Mortgage interest rates in South Carolina are a complex, individual figure based on both your personal situation and the broader economy.

It's also worth noting that your final APR is different from the interest rate. The interest rate affects your monthly principal and interest payment, while the APR includes certain fees. 

Some factors that affect your mortgage rate in the Palmetto State include:

  • Federal Reserve policy and inflation: The Fed's policies have an indirect but important impact on rates. If inflation is high and the Fed sets out aggressive policies to tighten lending and cool the economy, rates can rise. If inflation is slowed and the Fed sets out more relaxed guidance, rates can fall. 

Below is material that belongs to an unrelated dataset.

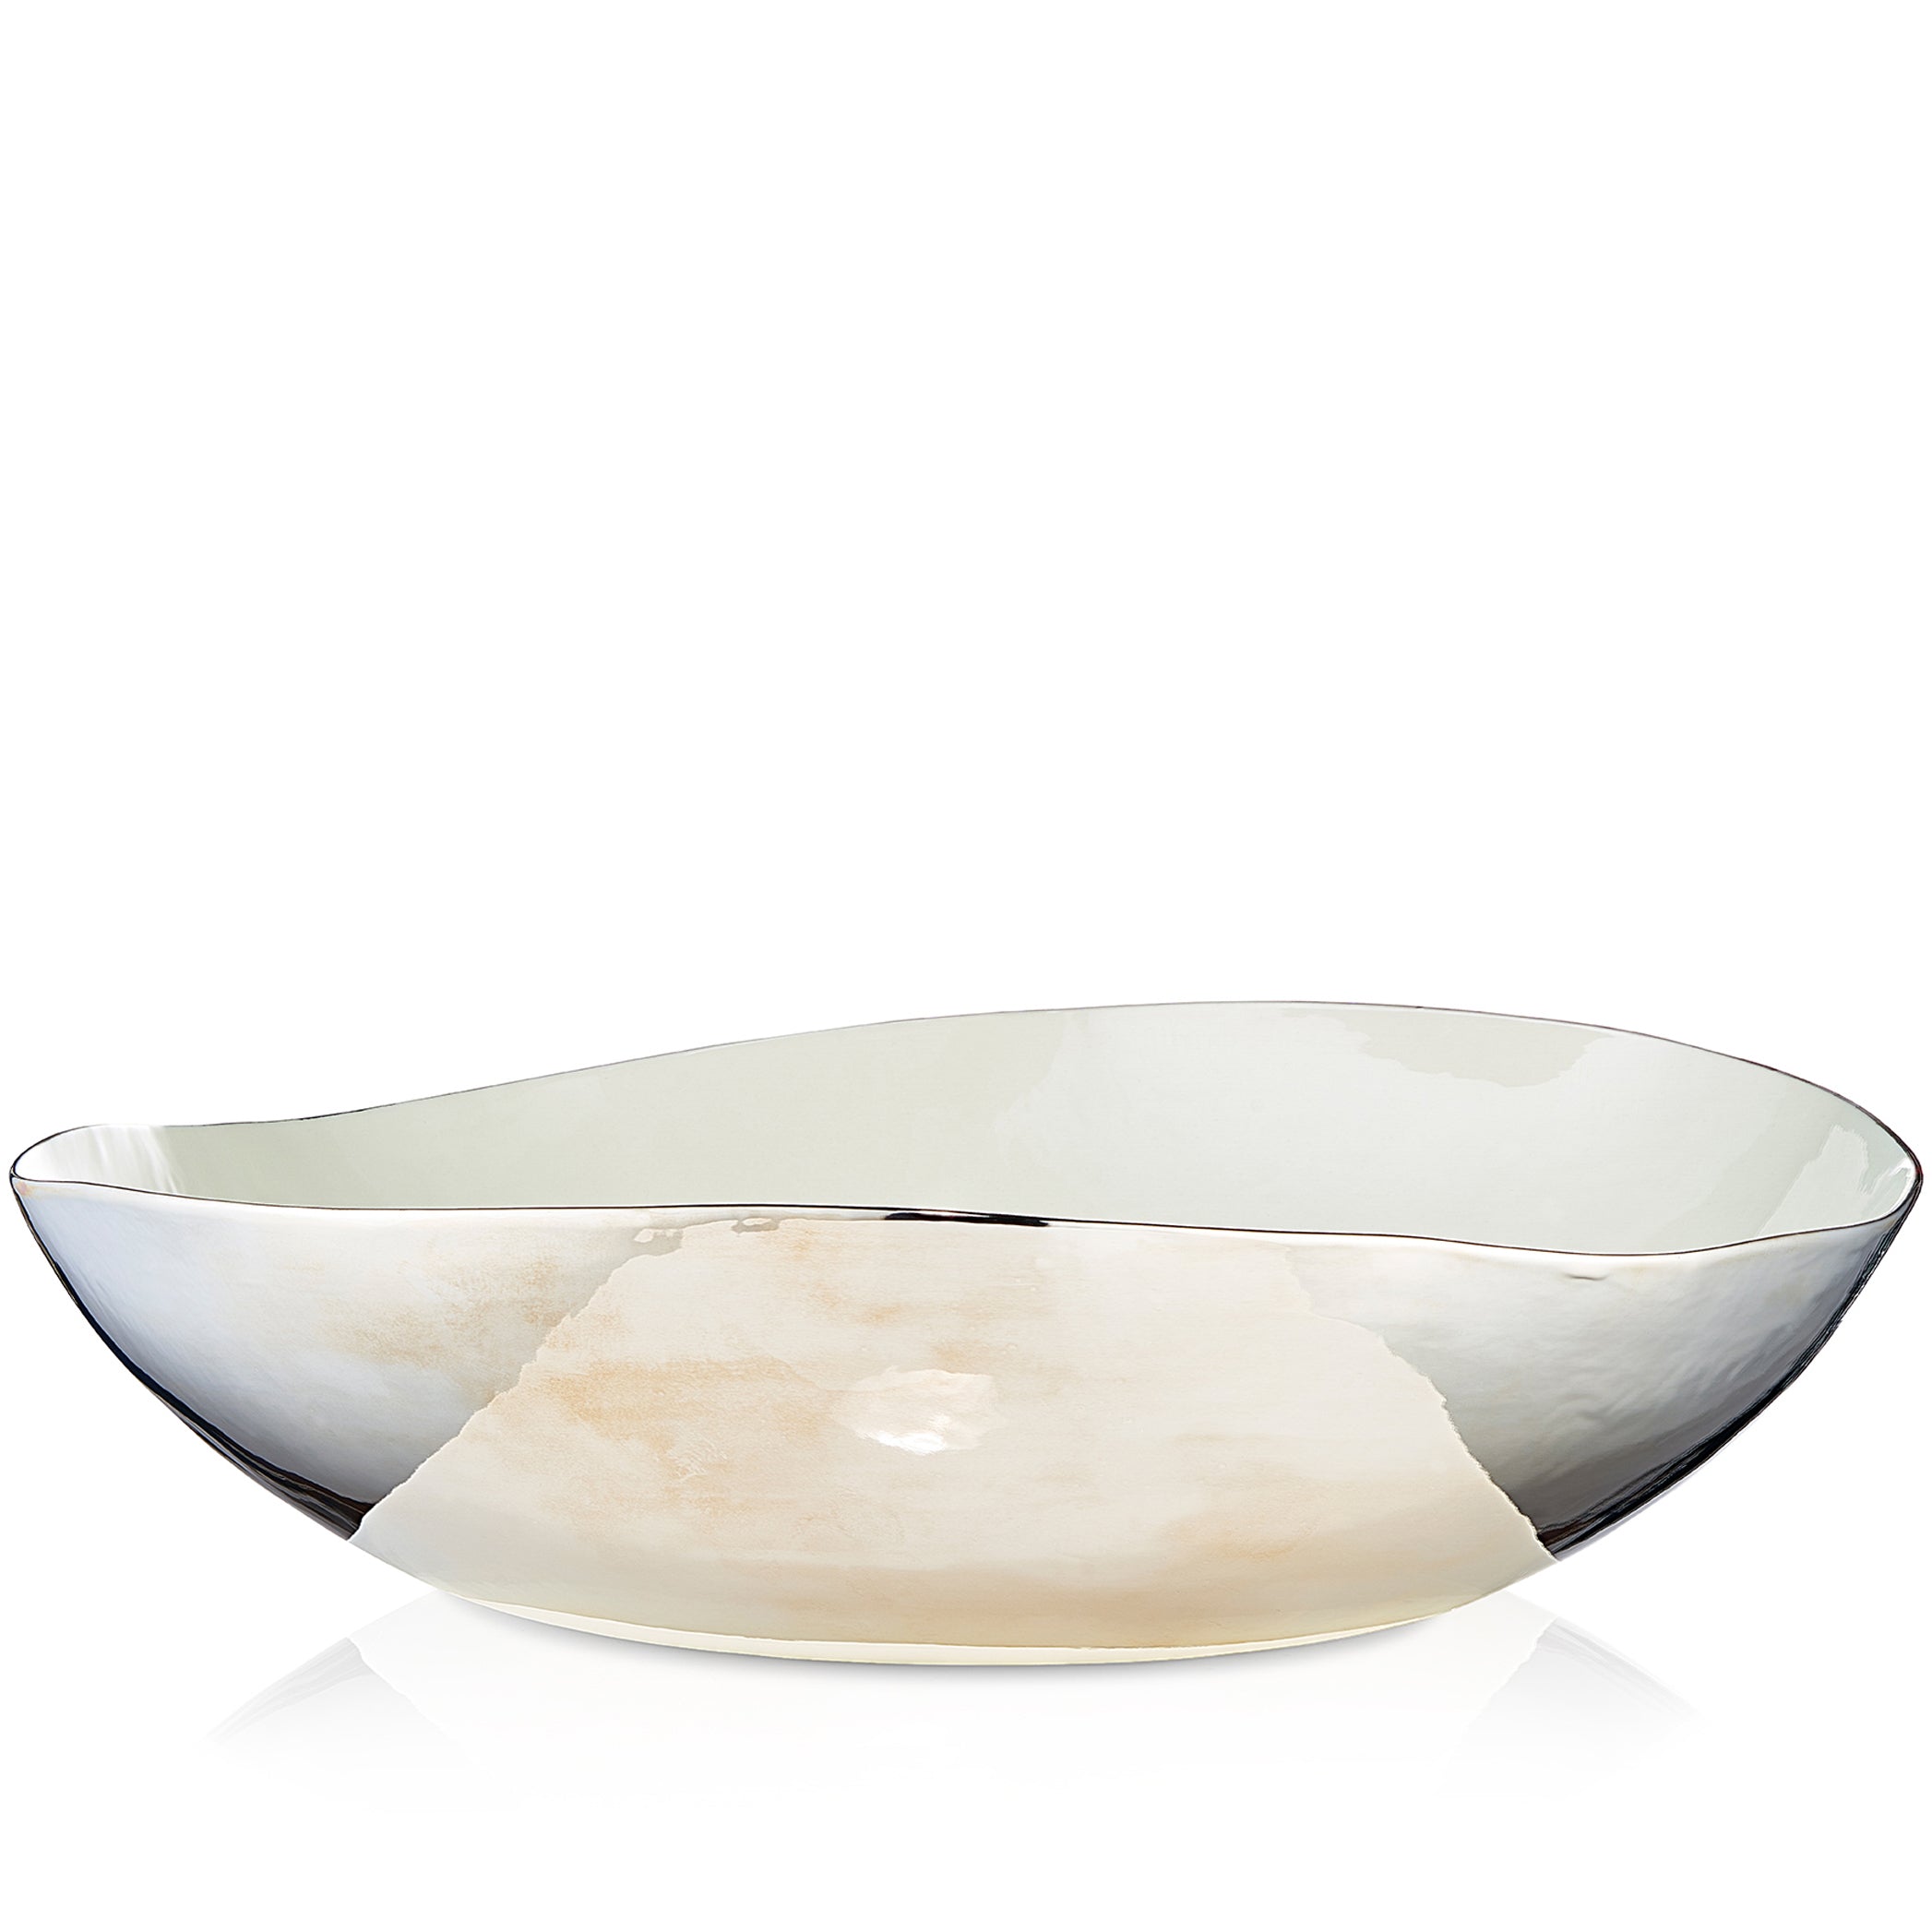 Handmade Round Ceramic Salad Serving Bowl in Silver Exterior Glaze, 43cm

  • Economic indicators: Economic factors like housing supply, unemployment, and wage growth all play a role in shaping investor expectations and lender pricing.

  • Your situation: Your credit score, debt-to-income ratio, down payment, and loan type also affect your final APR.

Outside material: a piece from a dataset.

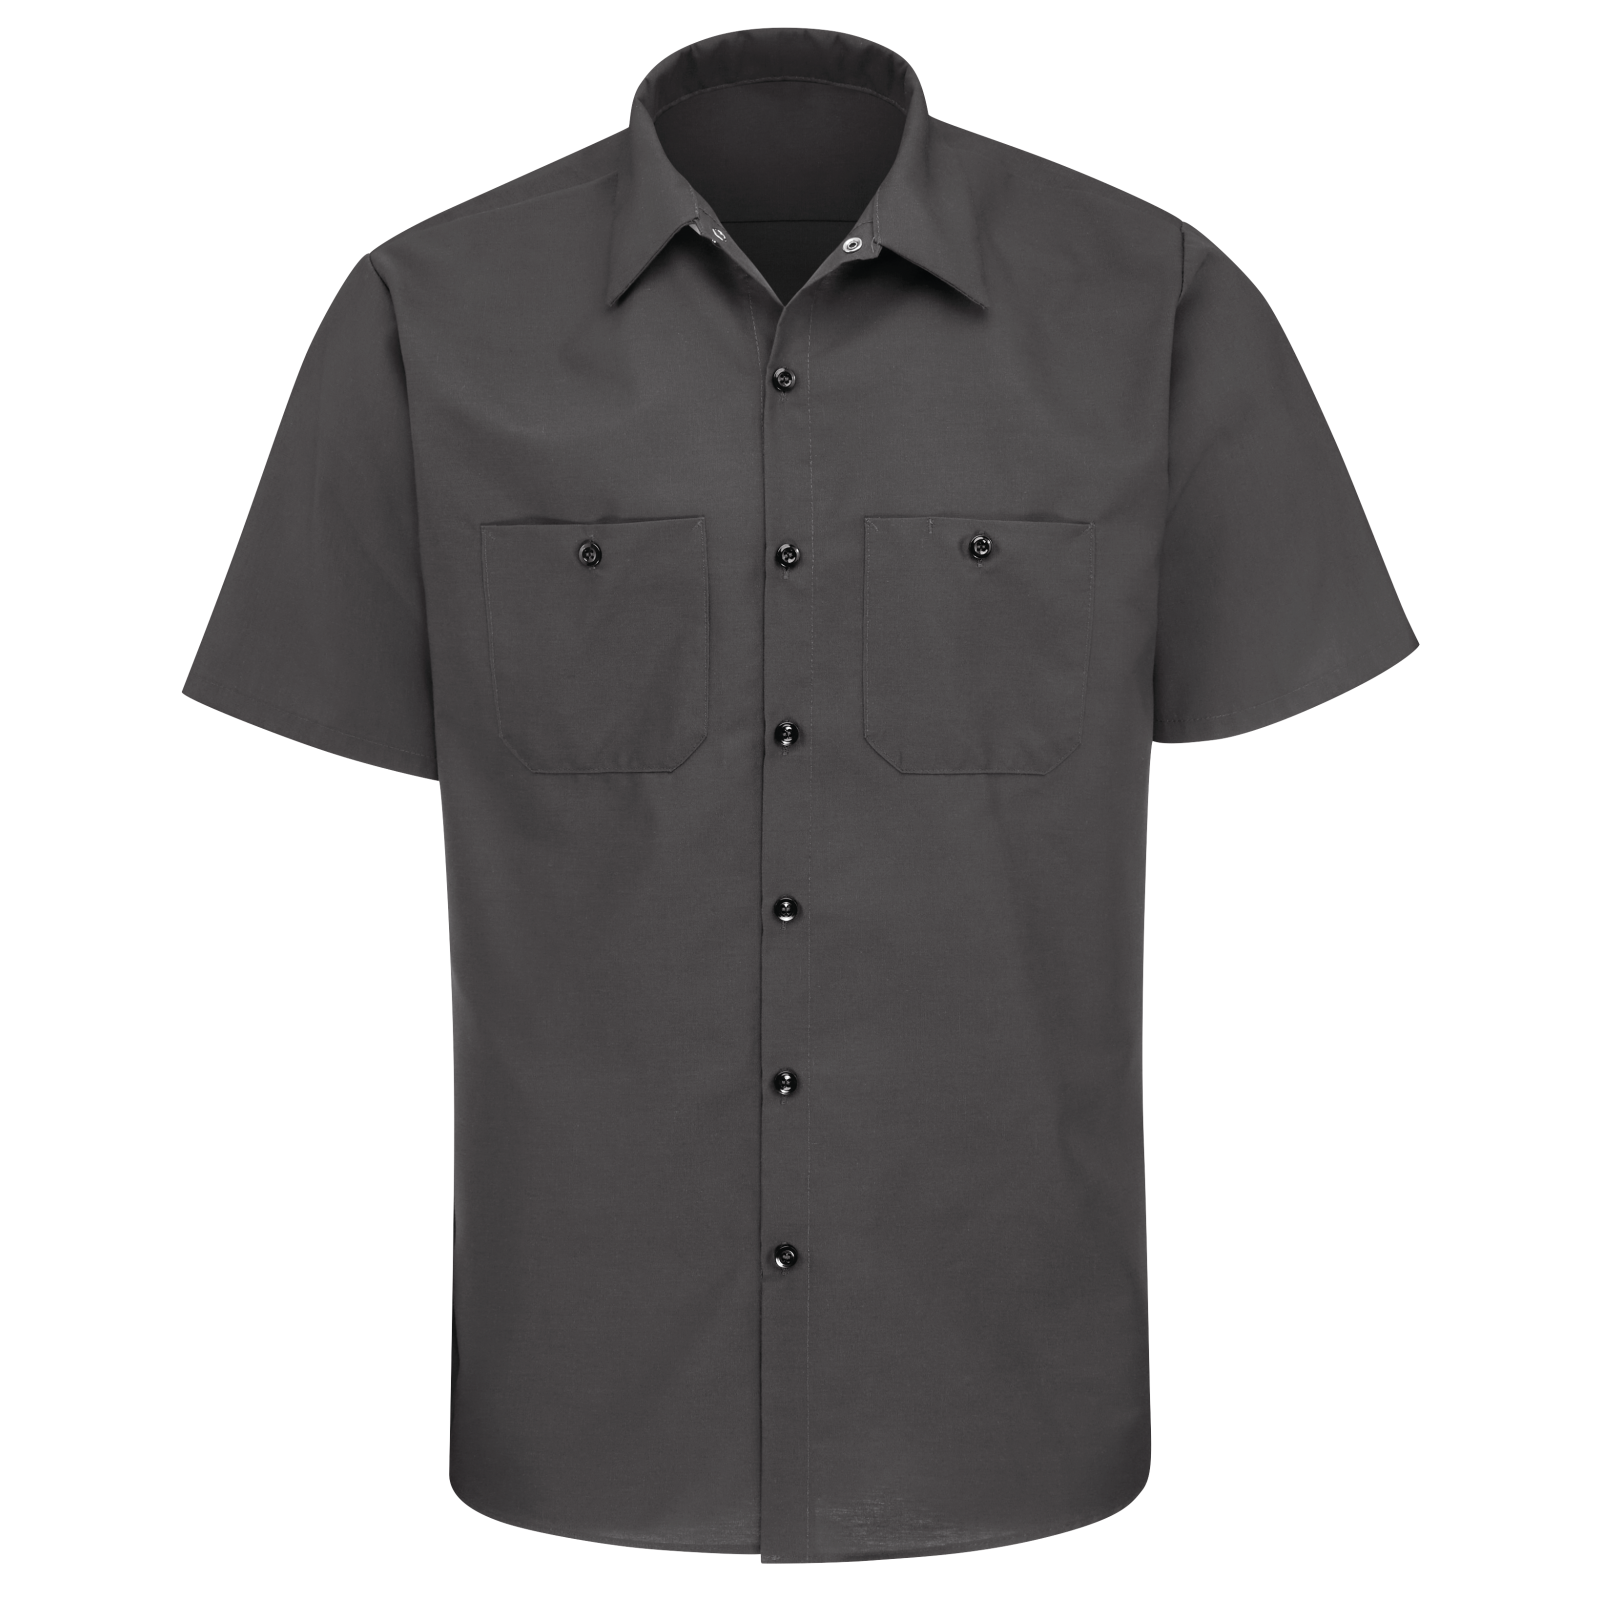 Mens shirt Work uniform small medium large XL 2x 5x blue black white tan NEW

The rates on this page are based on certain, pre-set loan amounts and credit scores. To get a personalized rate that reflects both current economic conditions and your personal circumstances, you can connect with an experienced loan officer.

Types of Mortgages Available in South Carolina

Whether you're using a conventional loan to buy a home in Charleston or purchasing your first house with an FHA loan in a rural area of the state, you have access to different loans to meet your unique needs. Here's a look at some common home loans in South Carolina:

  • Conventional Fixed-Rate Mortgages: Having a fixed rate means the interest rate stays the same for the full loan term, which is usually 15 or 30 years. Private mortgage insurance (PMI) is generally required if your down payment is less than 20%, but PMI can usually be canceled once you gain enough equity.  These loans conform to Fannie Mae and Freddie Mac guidelines for underwriting and loan amounts. You'll typically need a credit score of at least 620 and a debt-to-income ratio under 43-45%. You might be eligible for a minimum down payment as low as 3% if you're a qualified borrower, including many first-time homebuyers, but most buyers will need a down payment of at least 5%. 

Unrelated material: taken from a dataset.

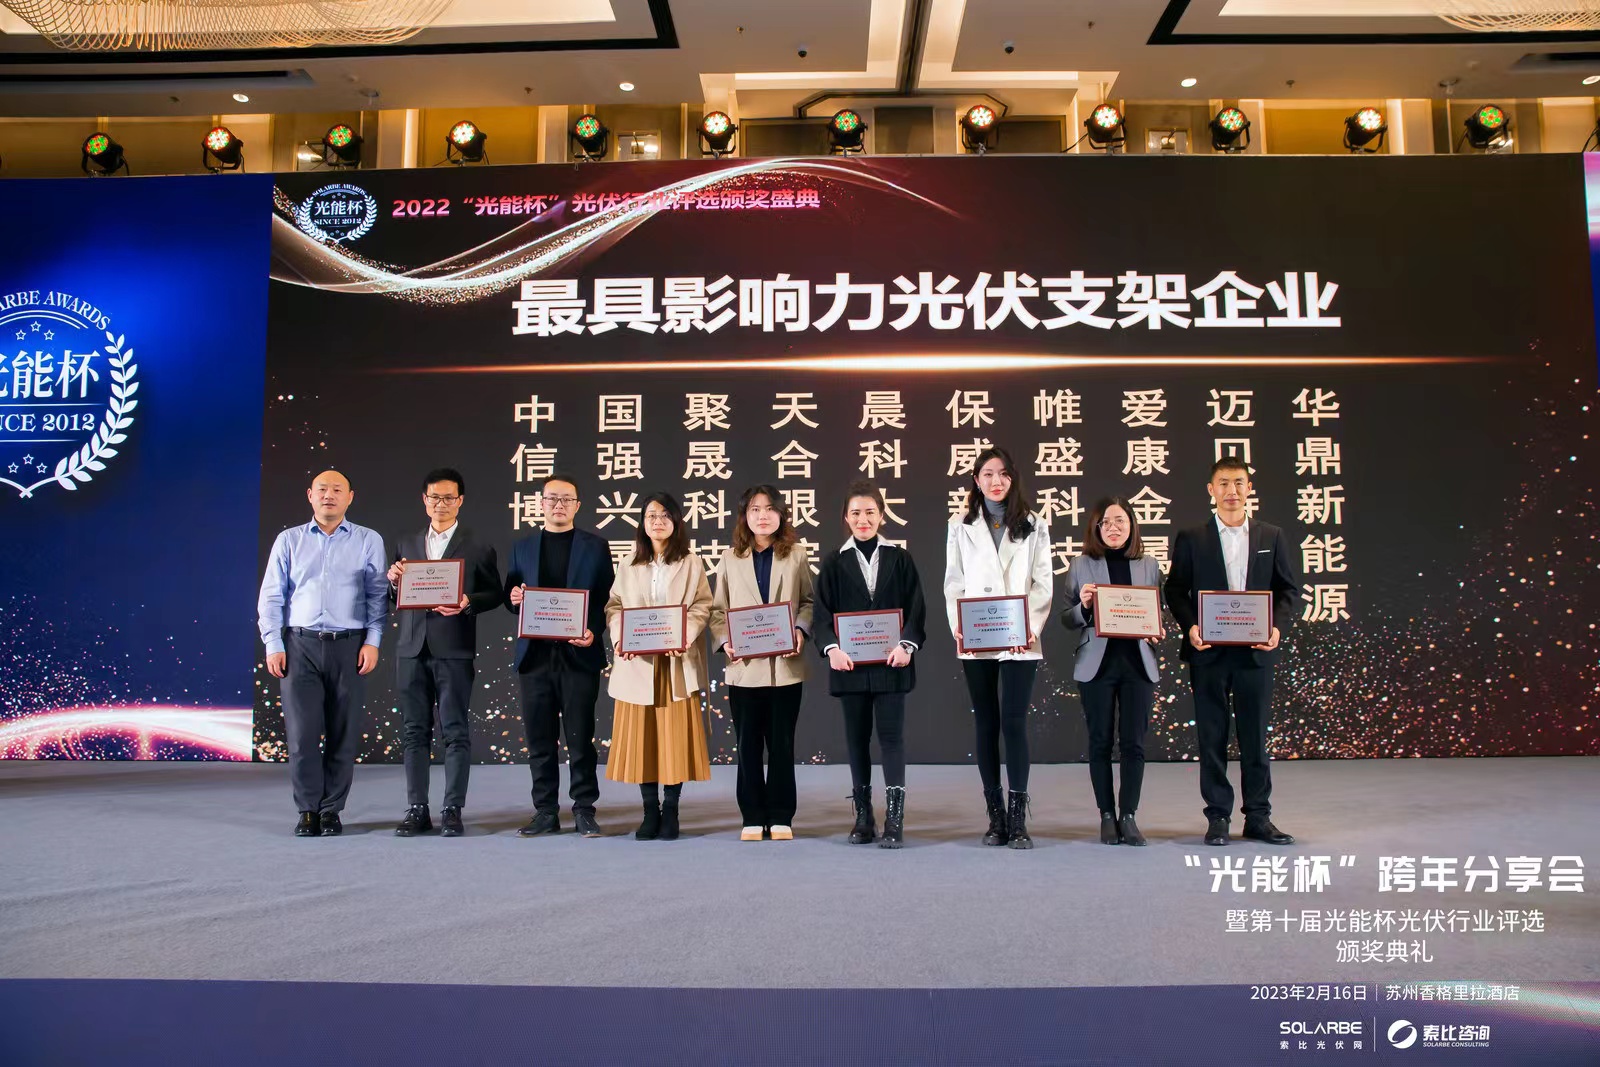 Congratulations! Shanghai CHIKO won the most influential solar bracket enterprise in 2022

  • FHA Loans: FHA loans are backed by the Federal Housing Administration and have more flexible down payment and credit score requirements. Buyers with a credit score of 580 or higher can qualify with a down payment as low as 3.5%. Mortgage insurance premiums (MIP), which have both an upfront premium and ongoing monthly payments, are required regardless of down payment size. If you have a down payment of less than 10%, MIP generally lasts for the life of the loan unless you refinance into a conventional mortgage. If your down payment is 10% or higher, your MIP will end after 11 years. 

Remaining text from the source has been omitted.